#### What the task asks
Please write out the whole listing that follows exactly; the pictures stay out.

#### Dataset excerpt
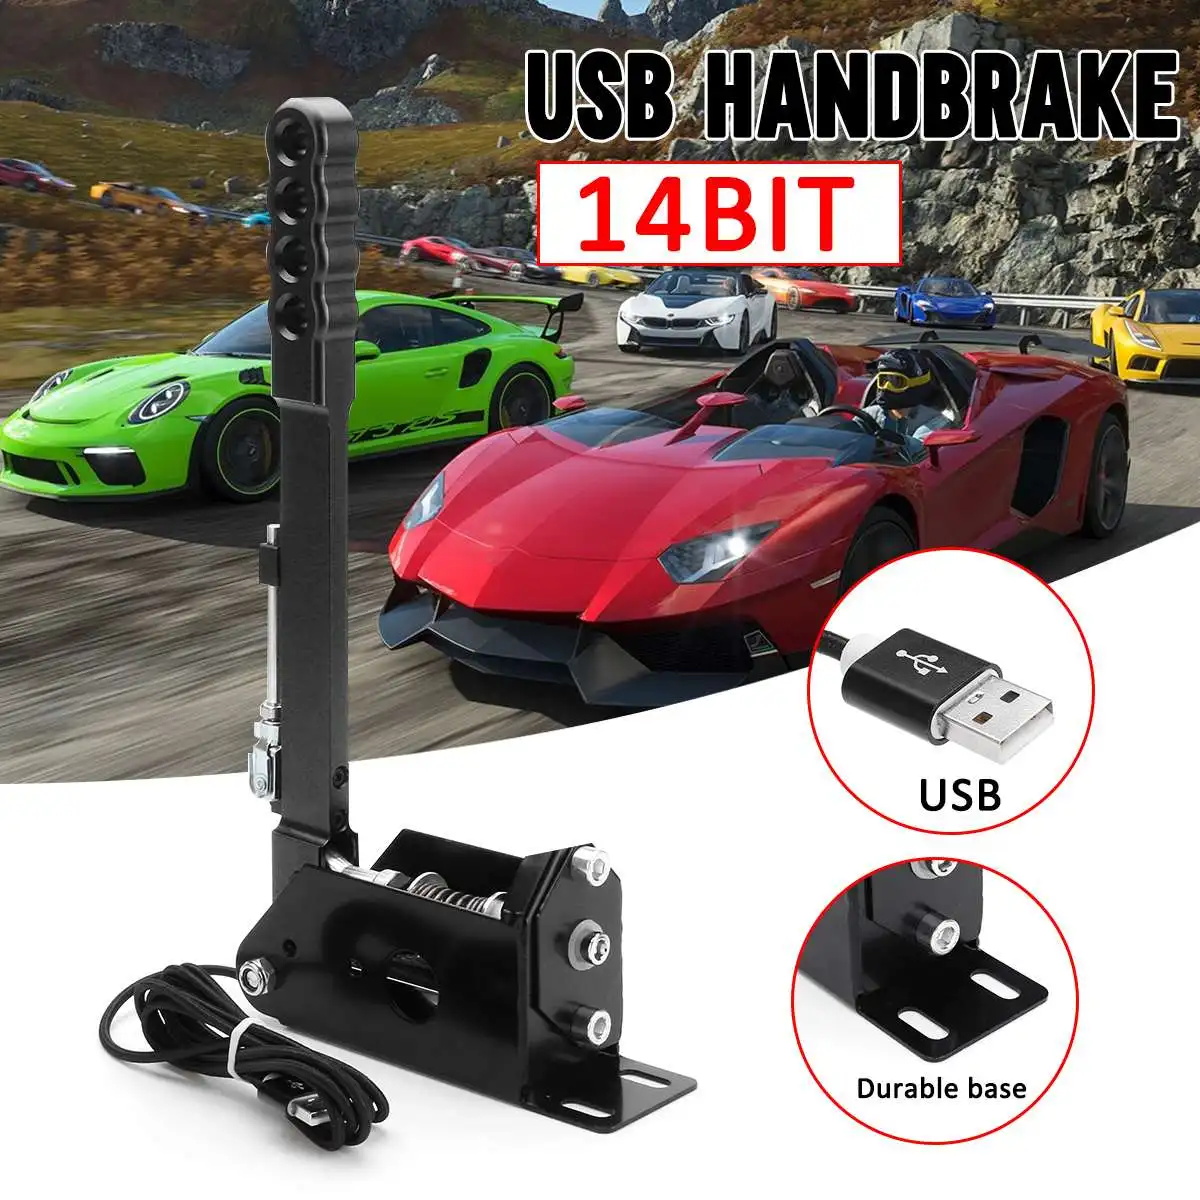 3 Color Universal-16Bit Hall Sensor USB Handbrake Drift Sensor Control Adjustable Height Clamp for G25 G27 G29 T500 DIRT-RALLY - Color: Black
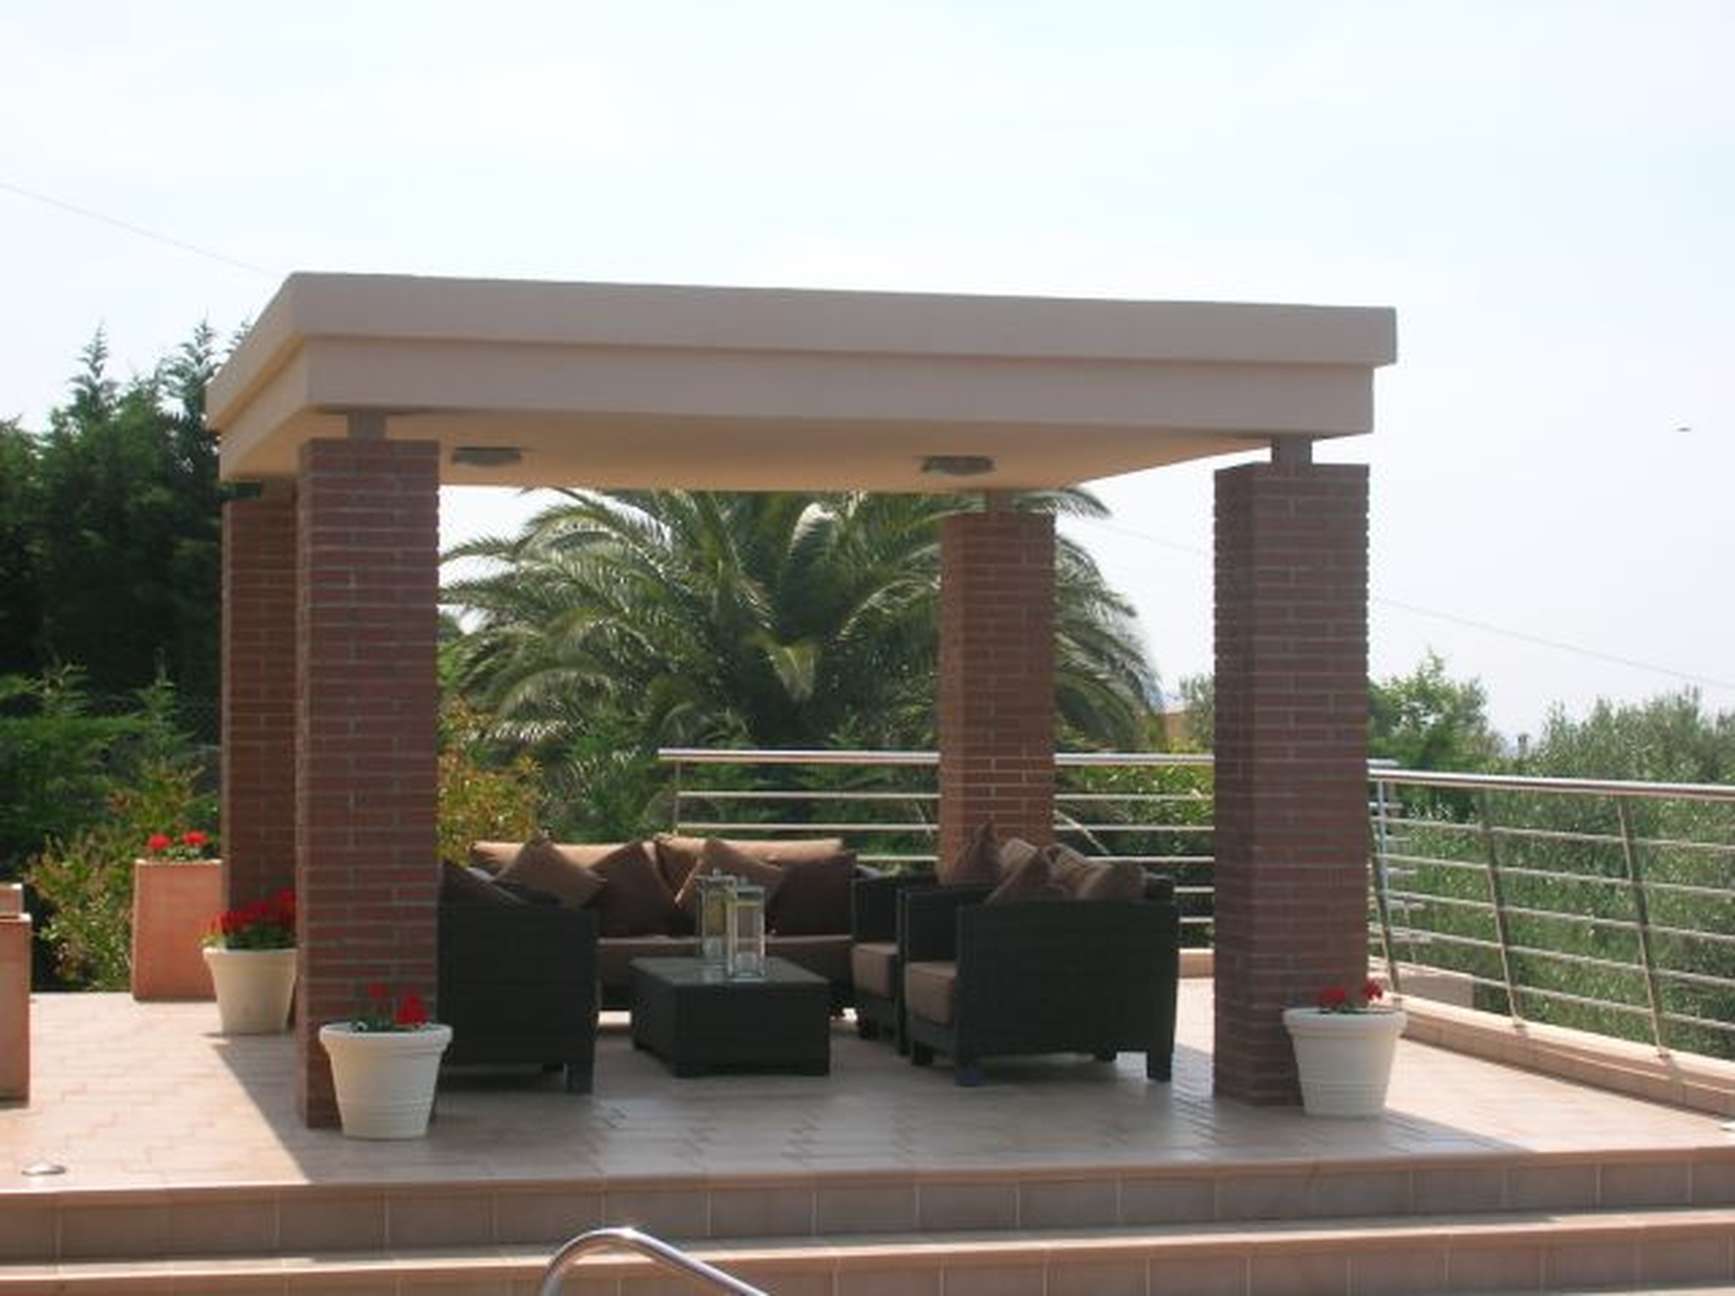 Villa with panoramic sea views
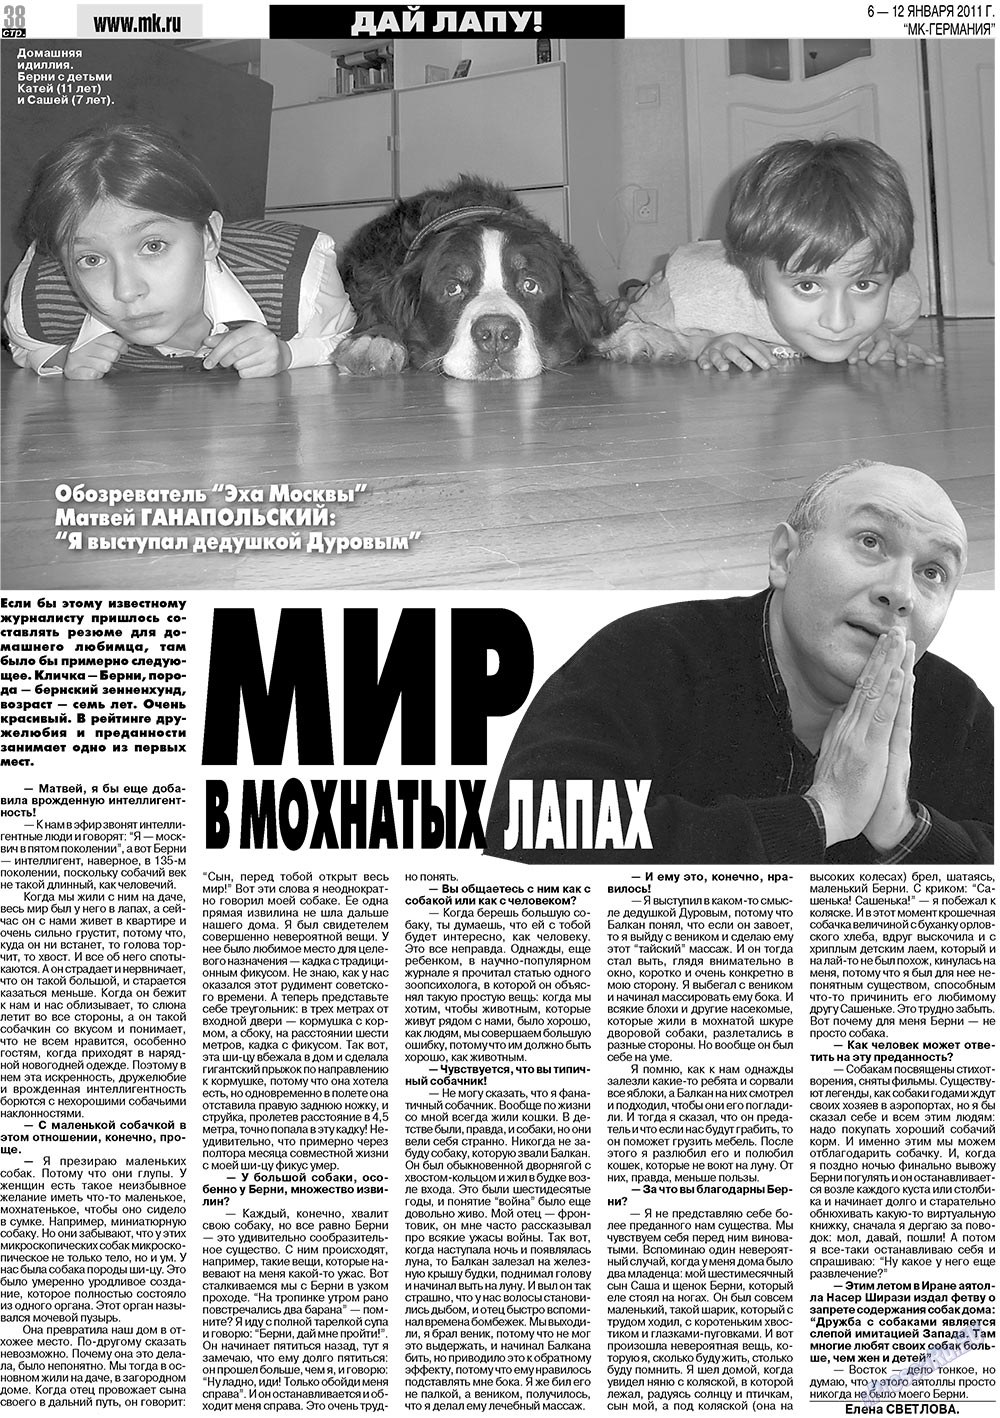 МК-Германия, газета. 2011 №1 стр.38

#### The completed task
 3 Color Universal-16Bit Hall Sensor USB Handbrake Drift Sensor Control Adjustable Height Clamp for G25 G27 G29 T500 DIRT-RALLY - Color: Black
 Villa with panoramic sea views
 МК-Германия, газета. 2011 №1 стр.38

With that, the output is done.